C turning char arrays into int behaving weird

Question

I have a much longer char array that I am turning into integers, but I cannot figure out why it behaves weird in some spots.

#include <stdio.h>
#include <stdlib.h>
#include <string.h>

int main () 
{
    char x[60] = "08 02 22 97 38 15 00 40 00 75 04 05 07 78 52 12 50 77 91 08";
    printf("%lu\n\n", strlen(x));

    for ( int i = 0; i < strlen(x); i+=3 ) {
        char num[2];
        num[0] = (char)x[i];
        num[1] = (char)x[i+1];
        printf("%d, ", atoi(num));
    }

}

The Output:

8, 2, 22, 97, 38, 15, 0, 40, 0, 75, 4, 5, 7, 78, 52, 12, 500, 773, 916, 89, 

Everything is great until.....500, 773, 916, 89...what is happening?

Answer 1

The answer to your question has already been provided, i.e. that a C string is by definition a NULL terminated char array. Without room for the NULL terminator, at best the results from a string passed to a string function cannot be trusted.
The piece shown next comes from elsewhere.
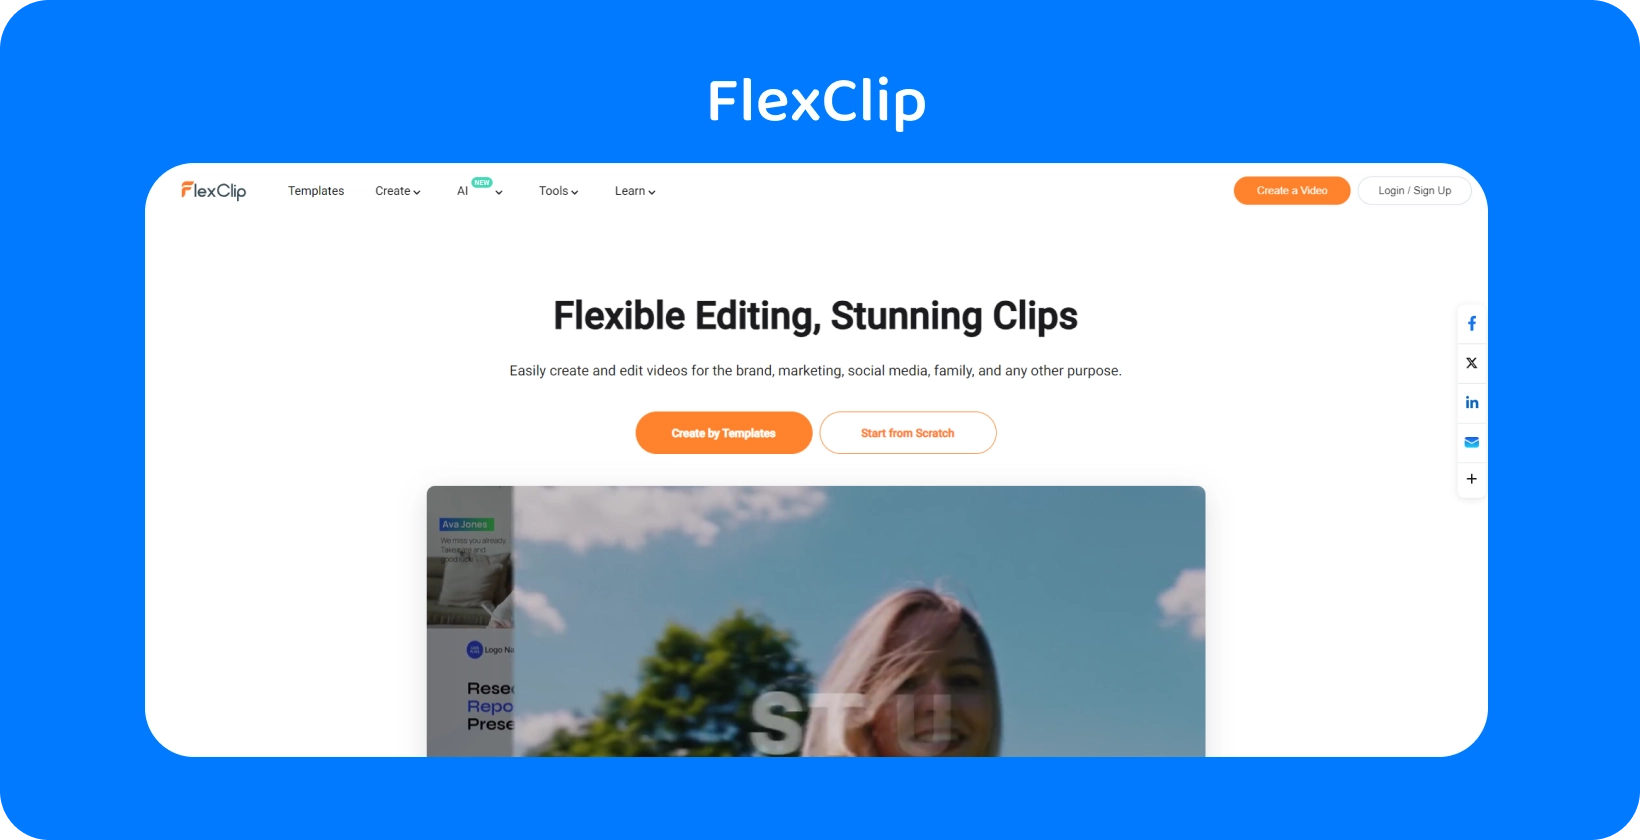 Інтерфейс FlexClip Text to Speech Video Maker показує простий і ефективний спосіб перетворення тексту на реалістичне AI мовлення.
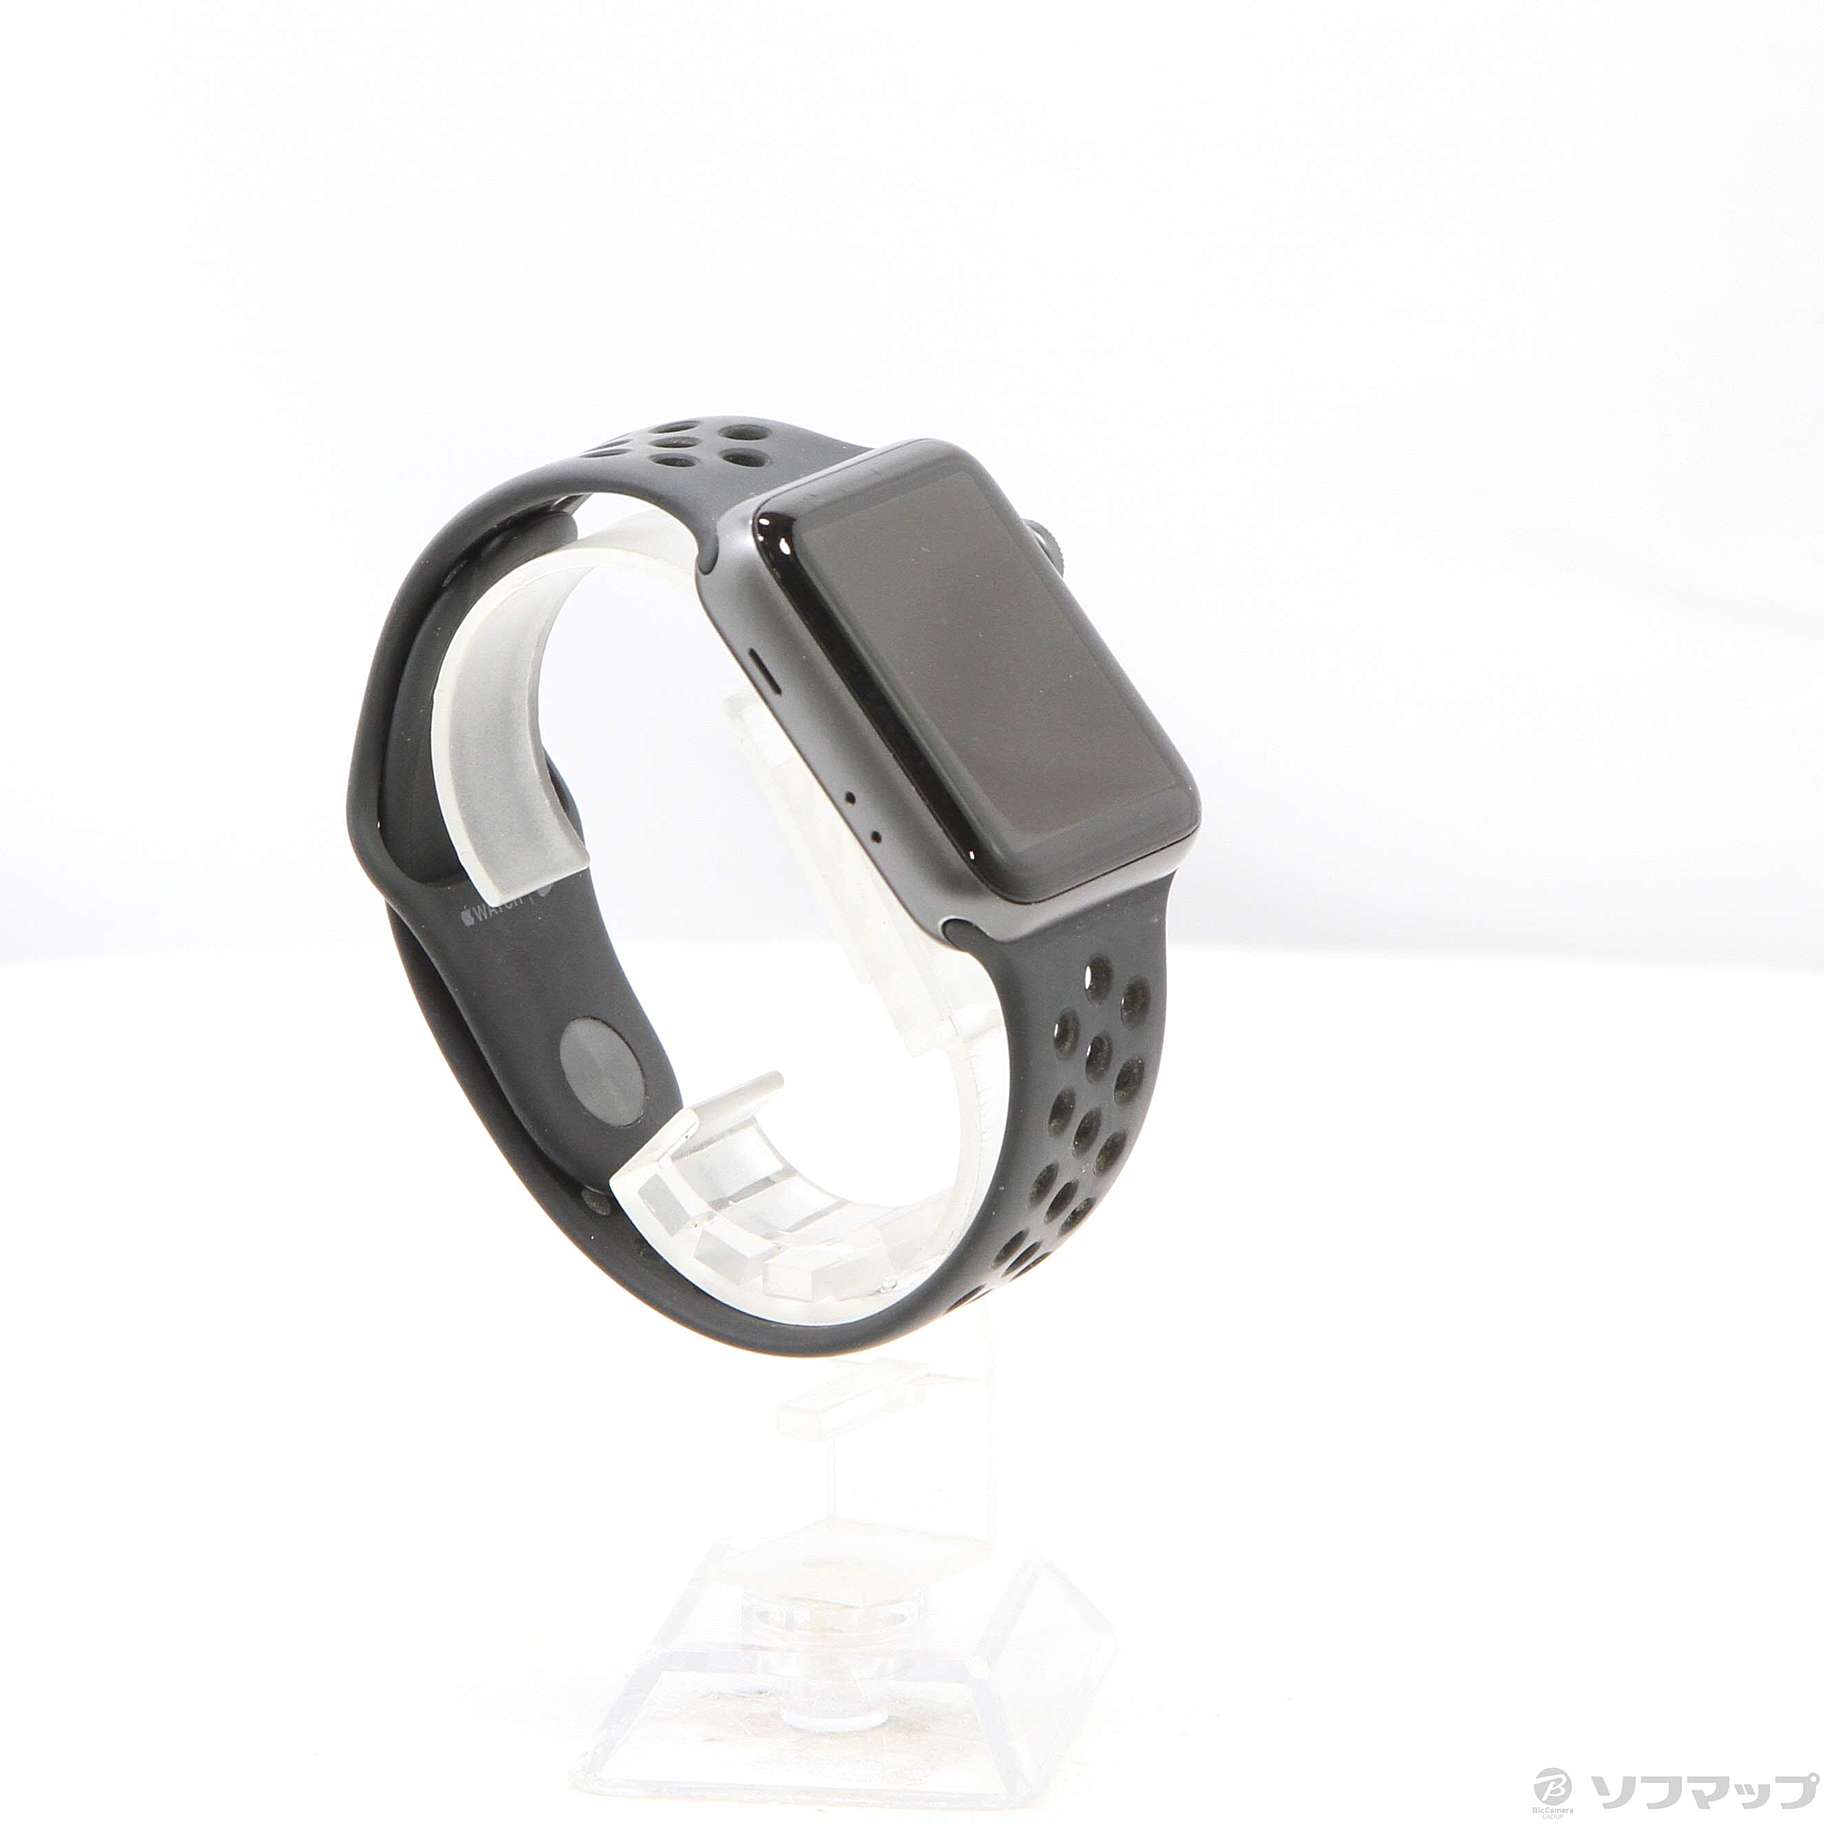 中古品〕 Apple Watch Series 3 Nike+ GPS 42mm スペースグレイ ...

I am offering this just to highlight some additional ideas on reading a char array into int array, where the NULL terminator becomes almost a non-issue.

The following method includes simple string parsing and dynamic memory usage, where the string contents get read directly into int memory, bypassing any need for an intermediate string buffer, resulting in the ability to read any legal integer length from the string, and convert directly into int:

see inline comments for suggestions:

int main(void)
{
    //leave array index blank, the compiler will size it for you
    char x[] = "08 0223 22 97 382345 15 00 40 00 75 04 05 07 78 52 12 50 77 91 08 1000";
    //    ^
    int size = sizeof(x)/sizeof(x[0]);//use sizeof macro to get number of elements in array
    char *tok = NULL;
    int i = 0;
    int count=0;
    for(i=0;i<size;i++)
    {
        if(x[i]==' ')count++;//get count to size int array
    }
    int *array = malloc((count+1)*sizeof(int));
    if(array)
    {
        i=0;//reinitialize to 0 for use here
        tok = strtok(x, " \n");
        while(tok)//test after each parse before processing
        {
            if((i>0)&&(i%6==0))printf("\n");//newlines to format
            array[i++] = atoi(tok);
            printf("%6d, ", array[i]);
            //       ^ provide spacing in output
            tok = strtok(NULL, " \n");
        }
        free(array);
    }
    return 0;
}

Answer 2

The need for a proper string with its null character has been posted by many.

Just wanted to add another coding idea: compound literal. (char[]) { x[i], x[i + 1], '\0' } to implement that.

#include <stdio.h>
#include <stdlib.h>
#include <string.h>

int main(void) {
  char x[] = "08 02 22 97 38 15 00 40 00 75 04 05 07 78 52 12 50 77 91 08";
  size_t len = strlen(x);
  printf("%zu\n\n", len);

  for (size_t i = 0; i < len; i += 3) {
    printf("%d, ", atoi((char[] ) { x[i], x[i + 1], '\0' }));
  }
}

Output

59

8, 2, 22, 97, 38, 15, 0, 40, 0, 75, 4, 5, 7, 78, 52, 12, 50, 77, 91, 8, 

Some other fixes made too.

Answer 3

 num[0] = (char)x[i];
 num[1] = (char)x[i+1];
 printf("%d, ", atoi(num)

This assumes that the number of digits in your input will always be 2(for which num should be declared as char num[3]. Do a dry run of your logic with a smaller input set, for eg:"01 50"

i=0
num[0] = *(num+0) = 0 
num[1] = *(num+1) = <space> 
num[2] = *(num + 2) = ????? Since this memory is not allocated for num
printf("%d, ", atoi("1<space>")) = 1 (atoi stops after looking at num[1] which is a non-digit character)

i = 3
num[0] = *(num+0) = 0 
num[1] = *(num + 1) =  0
num[2] = *(num + 2) = ?????
printf("%d ", atoi("00<garbage>...")) // this is UB since atoi will definitely read memory at  `(num + 2)` which is beyond the bounds of what the compiler allocated for it.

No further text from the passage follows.